Aim and setup

The spread of invasive species is due both to diffusive spread and human-assisted jump dispersal, often caused by species hitchhiking on vehicles. The aim of this vignette is to differentiate diffusive spread from jump dispersal in invasive species based on occurrence data. This identification required the development of a directional analysis of species presence. We demonstrate this method using occurrence data of the spotted lanternfly, Lycorma delicatula, an invasive Hemiptera in the United States.
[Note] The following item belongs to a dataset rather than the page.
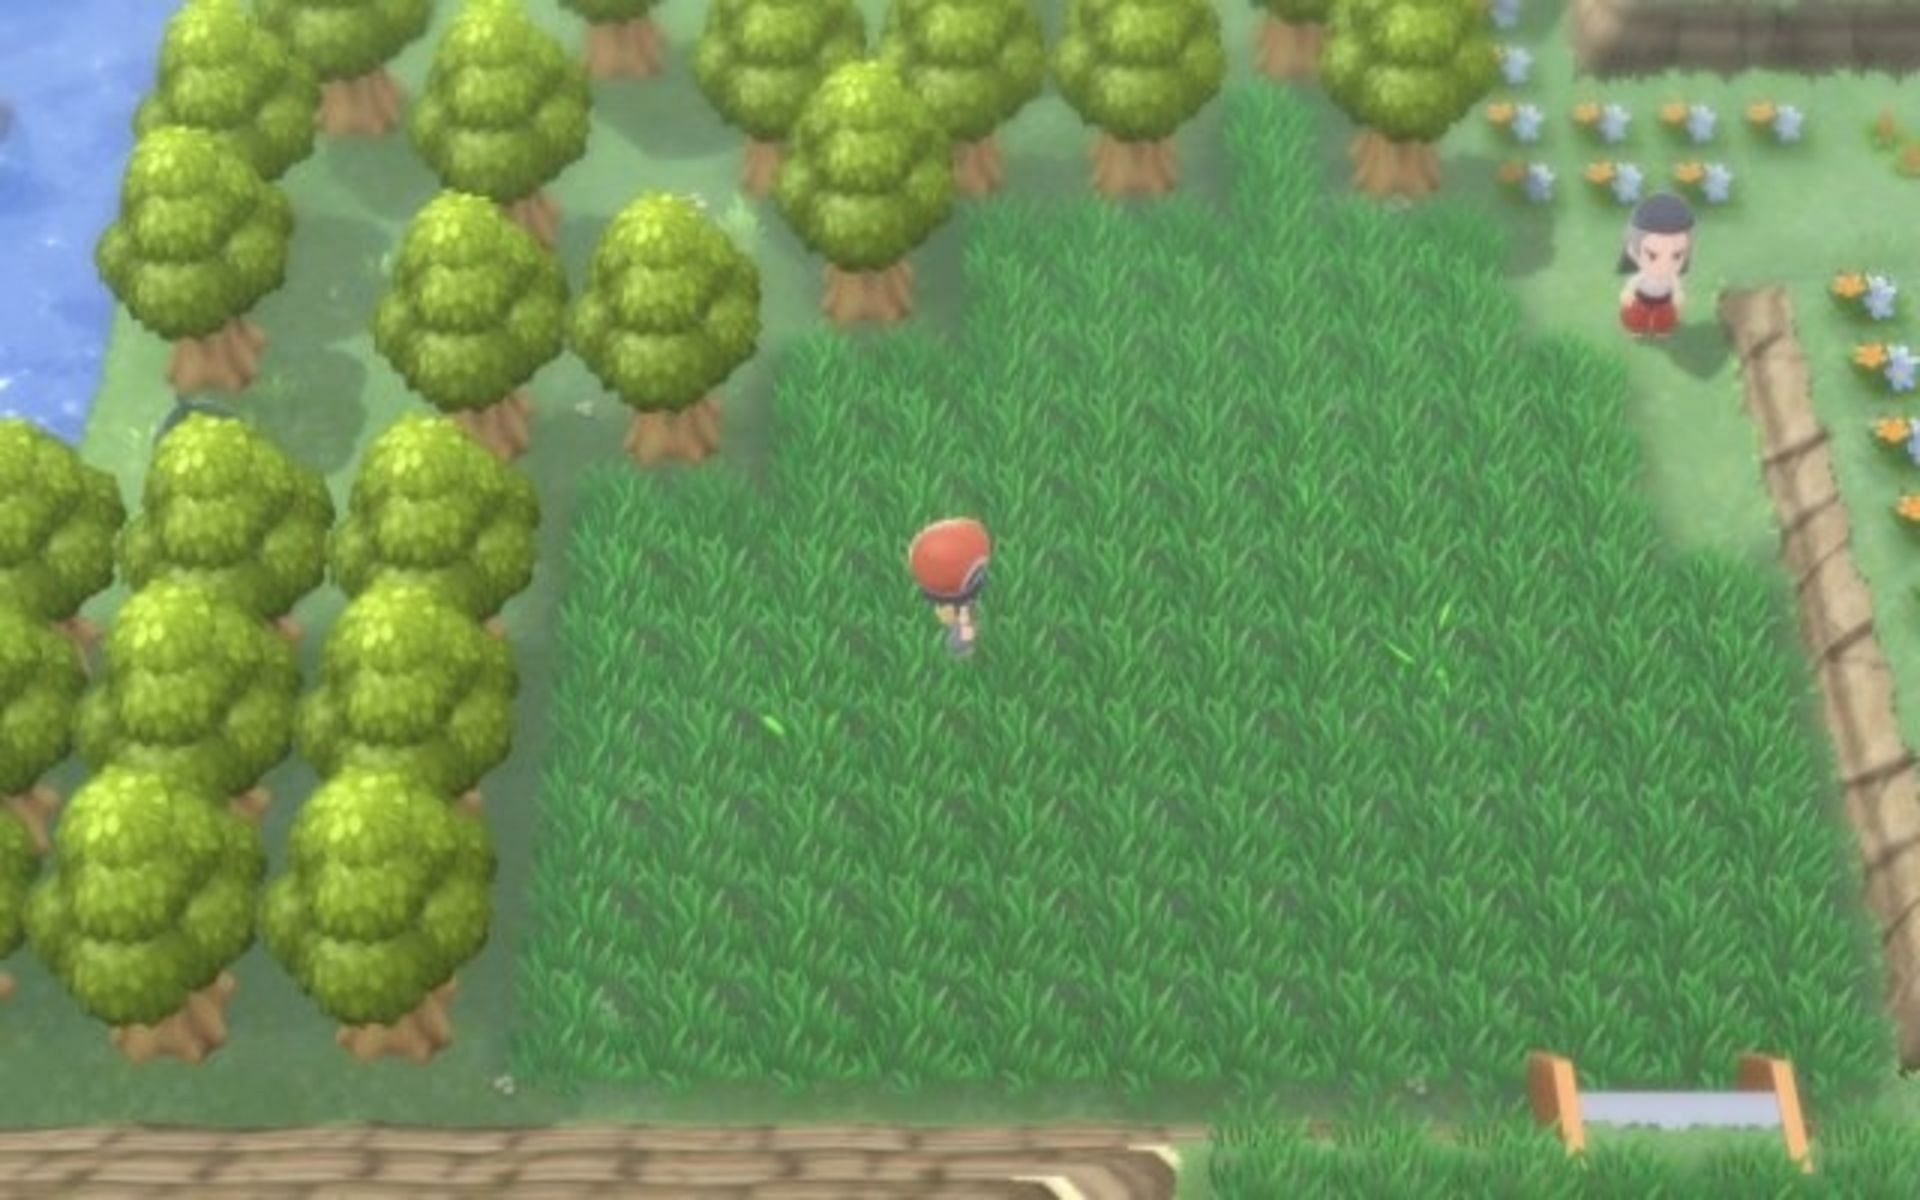 Trainers should stand in the middle of grassy areas to shiny hunt (Image via The Pokemon Company)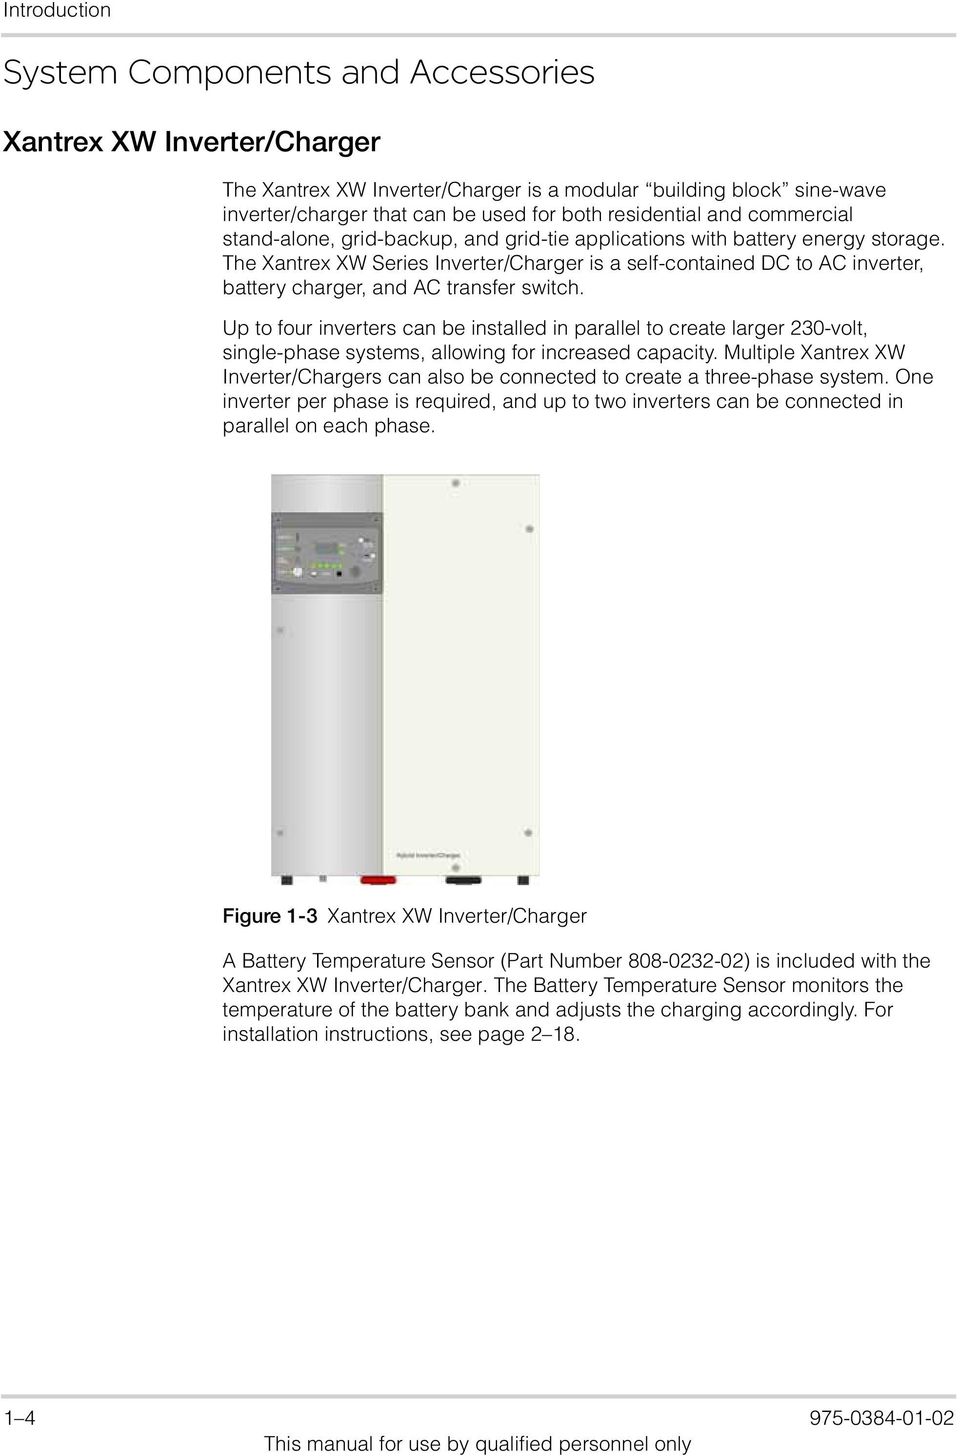 The Xantrex XW Series Inverter/Charger is a self-contained DC to AC inverter, battery charger, and AC transfer switch.

We load the necessary packages.

library(magrittr)
library(tidyverse)
library(sf)
library(ggplot2)
library(here)
library(dplyr)
library(slfjumps)

1. Data overlook

The SLF dataset is available from the lydemapr companion package. In the download_data folder, then in the v2_2023 subfolder, download the lyde_data_v2.zip file and place it in the data folder of your local jumpID project. At the date at which this vignette is written, lydemapr contains data up to year 2022.

We load this dataset that contains all the occurrences of the spotted lanternfly, and take a look at it.

slf <- read.csv(file.path(here(), "data", "lyde_data_v2", "lyde.csv"))
slf %<>% select(bio_year, latitude, longitude, lyde_established) 
tibble::tibble(slf)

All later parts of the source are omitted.